Хитрая наука - выживание! До Москвы я поплутал по Ленинграду. Тамошние люди выживали откапыванием. "Они" запрятали, скажем, Корниловский мятеж, а ты, положив годы жизни, страха, риска и труда, откопал; "они" запретили Тойнби, а ты втихаря откопал, перевел, дал другу почитать. Меня откапывание разочаровало принятием условий несвободы как важной составной части результата, ибо в реальности вознаграждением был не откопанный объект, но хитроумные способы его отыскания, игра с несвободой. Любая свалка рухляди самим процессом ее разгребания волшебно превращалась в сказочные соломоновы копи. Добытая откапыванием культура чем-то походила на японские банзаи, искусственно выведенные карликовые декоративные деревья, вот тебе лимонное дерево, и все на нем, как на настоящем лимонном дереве, только плоды размером с орех. Зато можно поставить даже в крохотной комнатке коммунальной квартиры.
Все догефтеровские системы выживания объединяла общая черта - принятие навязанных правил игры. Задним числом наиглавнейшее достоинство его системы видится мне в снятии исторической локальности, будь она советской или танзанийской.
Всякому зрелому недемократическому режиму свойственны два типа экспансии. В первой, опираясь на наброски ранней своей родословной, система прибирает к рукам все, что добавляет ей исторической респектабельности, например, к Пушкину (по закону государственного наследия) - Пущина (без нужды, но не помешает); к валашским древностям - византийские. Вторая распространяется в направлениях, чуждых в принципе, но никем из непосредственных политических конкурентов не присвоенных явлений мировой истории; таким манером сталинизм вошел в наследие Просвещением.
Все, на что кесарь налагал лапу, оставлялось кесарю, добро, прихваченное без нужды, сваливалось бесхозно в кучи, портилось, ветшало, но инстинкт велел держаться от казенного имущества подальше. Целые эпохи, вырванные с мясом из истории, были погребены на этой казенной свалке, и под ними - несколько поколений, тысячи тысяч жизней.
Гефтер был, насколько мне известно, единственным современником, который отказался признавать правомочность установленных пределов собственности. За обеими сторонами.
...Взаправду помню первую встречу. На мой вопрос о Ленине, о чем-то из черновиков 20-х годов, он живо ответил рассуждением о том, что, может быть, не сам Ленин, но некоторые из современников, определенно Роза Люксембург, предвидели теоретический тупик в соединении народовластия с диктатурой меньшинства, практически же... "Позвольте, - перебил я его, - но оказалось, что..." - "Но они не могли знать того, что известно Вам пятьдесят лет спустя...", - смотря мне прямо в глаза, тихо сказал он. И убил.
Да и как бы я мог забыть: с этой его фразы началась моя взрослая жизнь.

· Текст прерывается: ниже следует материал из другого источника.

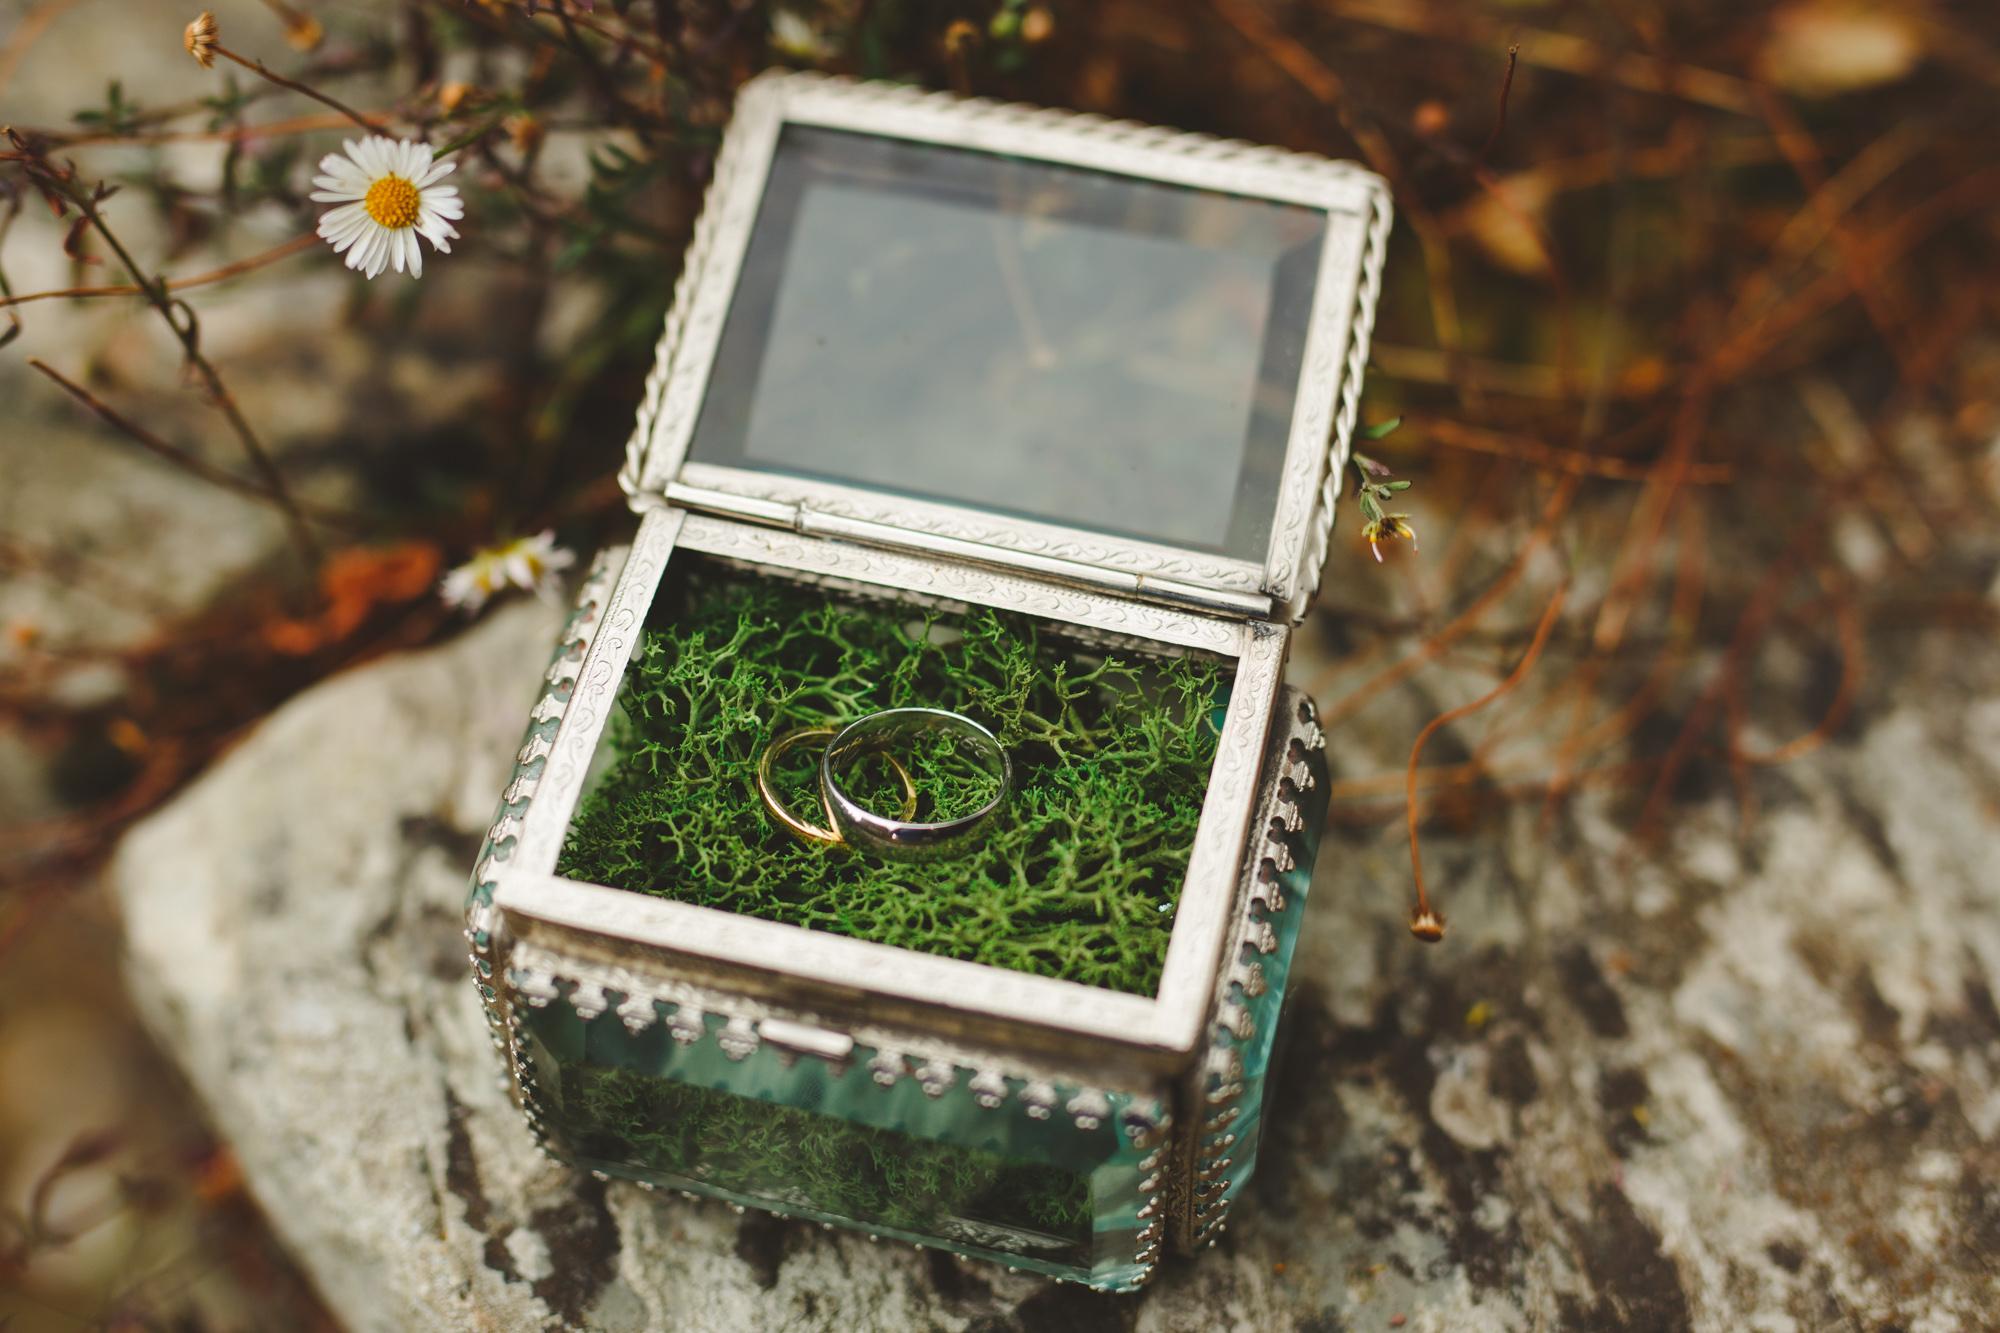 hestercombe-taunton-wedding-photography-camera-hannah-5.jpg

Несмотря на кажущуюся простоту морального запрета на фору времени, в нем заложено так много философской массы, что технические проблемы, какими бы они ни были, теряются в безнадежной сложности задачи - стать тем самым пространством, в котором исторически воссоединяются все найденные составляющие прошлого.
Приближаясь к прошлому, историк, согласно Гефтеру, должен принять презумпцию незнания начал, встать на равную с субъектом прошлого ногу, освободить прошлое от истории. Отделить Пушкина от пушкинистики, научной, занятной, поэтической - всей; от русской литературы, философии, музыки; выйти на чистый лист, в идеале - стать тем самым грамотным русским человеком двадцатых годов прошлого века, который открывал журнал и читал, без присказок Вяземского и сносок на Жуковского, странный роман, еще не зная о роковой дуэли. И потом, шаг за шагом, наращивать прошлое. Идеал этот, естественно, недостижим, но движение к нему при соблюдении интеллектуальной дисциплины, к знанию языка времени, его понятий - возможно.

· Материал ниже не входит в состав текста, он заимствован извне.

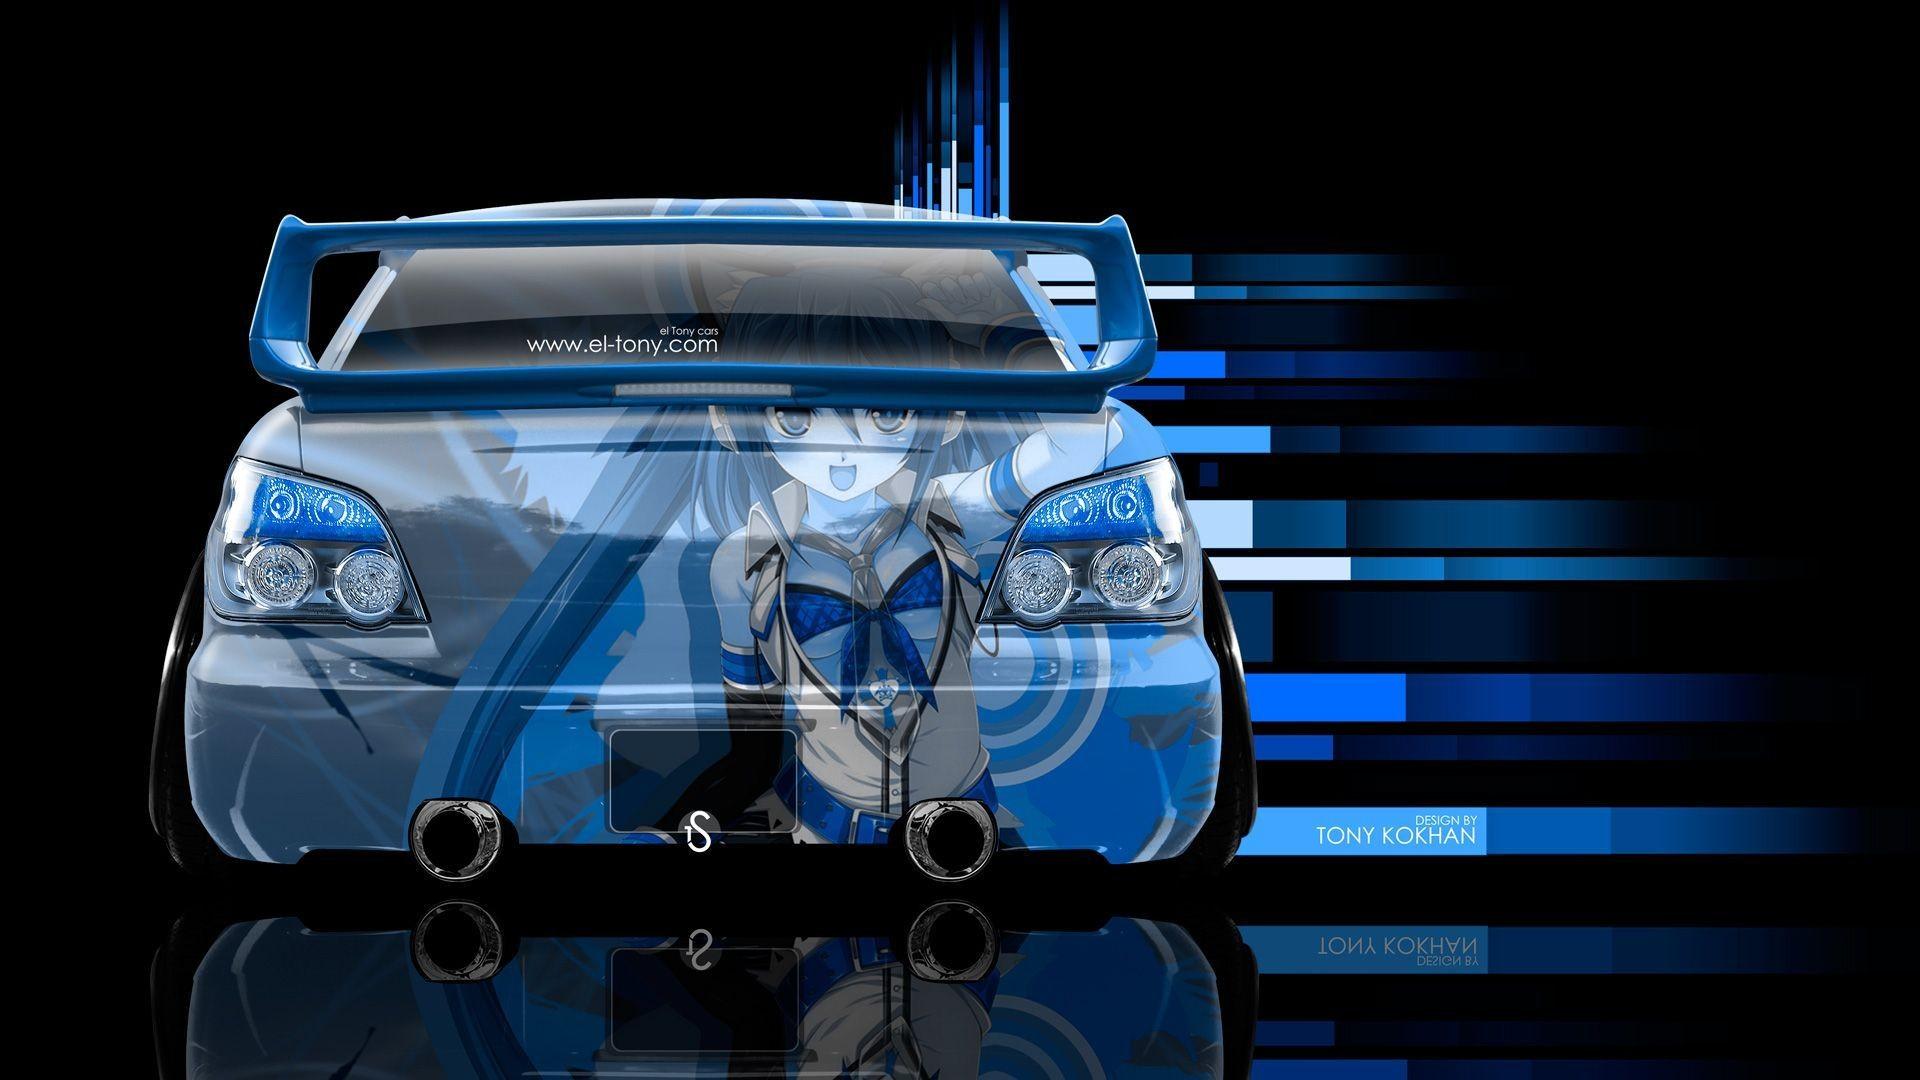 Subaru Impreza WRX STI JDM Back Anime Aerography Car 2014 Â« el Tony

Зачем? В чем смысл этого странного ригоризма? Не "первоисточники" же он имел в виду, когда учил меня отходить к прошлому, входить, минуя историю, с ним в со-беседу; не одно уважение, запрещающее историку полагать себя умнее мертвых только оттого, что жив и право имеет? Может, он подталкивал меня к поиску истории в самом себе, личной суверенности в отношениях с ней, без чего невозможны ни свобода, ни личность, ни общество? В этом его идея?

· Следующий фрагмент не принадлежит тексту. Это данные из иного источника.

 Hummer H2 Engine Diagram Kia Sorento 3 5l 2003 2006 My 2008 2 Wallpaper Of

Во что и как верил М.Я. до перерождения, я не знаю, в памятном слове Е.А. Гнедину он пишет об "иждивенцах "оттепели", "сомнительной человеческой ценности ... бесплатного успеха"; думаю, сомнения его относились не к одному политическому успеху, скорее всего, - к интеллектуальному и, стало быть, нравственному. И то правда - в Шестидесятых еще не вошло в хороший тон судить о революции как о некоем идиотическом событии, совершенном соединенными силами бандитов, уголовников и кружка полуобразованных интеллигентов, тогда больше любили поговорить о "попранных идеалах", "безнравственности революций" вообще и т.д. Началам инкриминировали концы, истории при подобном состоянии умов места не находится, она покрывается публицистической коростой, отдирать потом коросту приходится с мясом.
Кто-то, однако, должен был оставаться во времени историком. Для этого нужно было совершить "небольшое" усилие - вернуться к прошлому. Заменяя точки вопросительными знаками, Гефтер вернулся в судьбоносное Семилетие, 1917-1924, с его универсальными вопросами и роковыми решениями.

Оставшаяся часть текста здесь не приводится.